This Addendum to the Notice is supplemental to the Notice and should be read in conjunction with the Notice. Save for the changes set out below, all other Resolutions proposed and information in the Notice remain unchanged.
Adjournment of Meeting
In order for Shareholders to have adequate time to consider the additional Resolutions (set out below) before voting, the Company proposes to adjourn the Meeting to 3:00pm (WST) on 2 December 2019 at Level 11, 12-14 The Esplanade, Perth, Western Australia .

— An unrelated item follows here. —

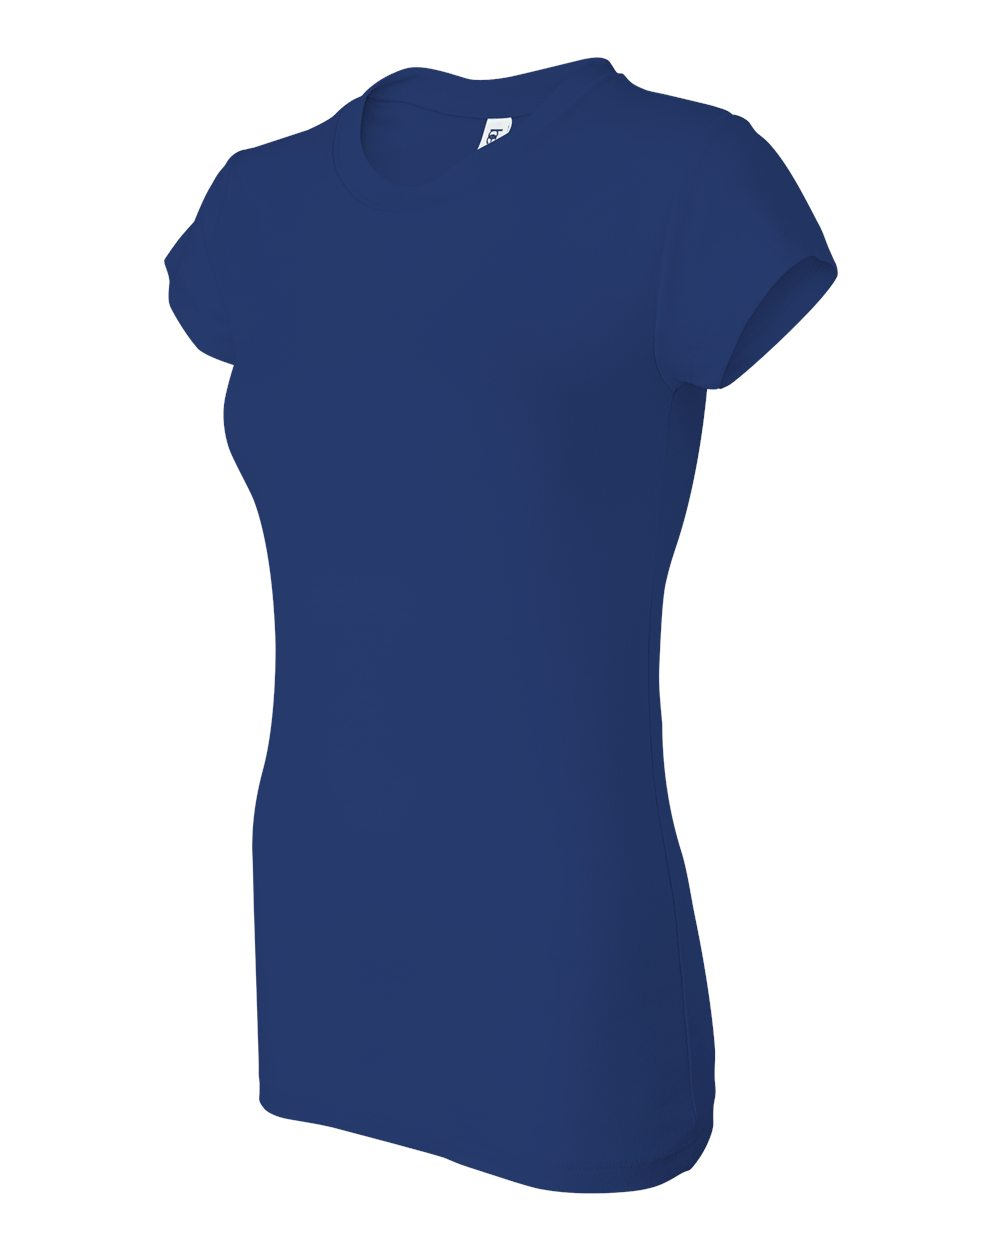 Bella-Canvas-Women-039-s-Sheer-Mini-Rib-Short-Sleeve-T-Shirt-8701-S-2XL thumbnail 33

Background to this Addendum
Withdrawal of Resolution 7
As announced on 5 November 2019, Mr Bryan Hughes has been appointed as a Director and Chairman of the Company.
In light of the above, the Company has issued an addendum to its Notice of Annual General Meeting and will seek-re-election of Mr Hughes at its Annual General Meeting (refer to the Addendum to the Notice of Annual General Meeting released to ASX on 6 November 2019). Resolution 7 of the Notice will be withdrawn at the Meeting.
New Resolutions 17, 18 and 19
Messrs Malcolm Day and Bryan Hughes (current Directors of the Company) and Greg Smith (a proposed Director of the Company) have expressed interest in participating in the Capital Raising. The Company is therefore seeking Shareholder approval pursuant to new Resolutions 17, 18 and 19 contained in this Addendum for Messrs Day, Hughes and Smith to participate in the Capital Raising up to the amounts set out in the new Resolutions.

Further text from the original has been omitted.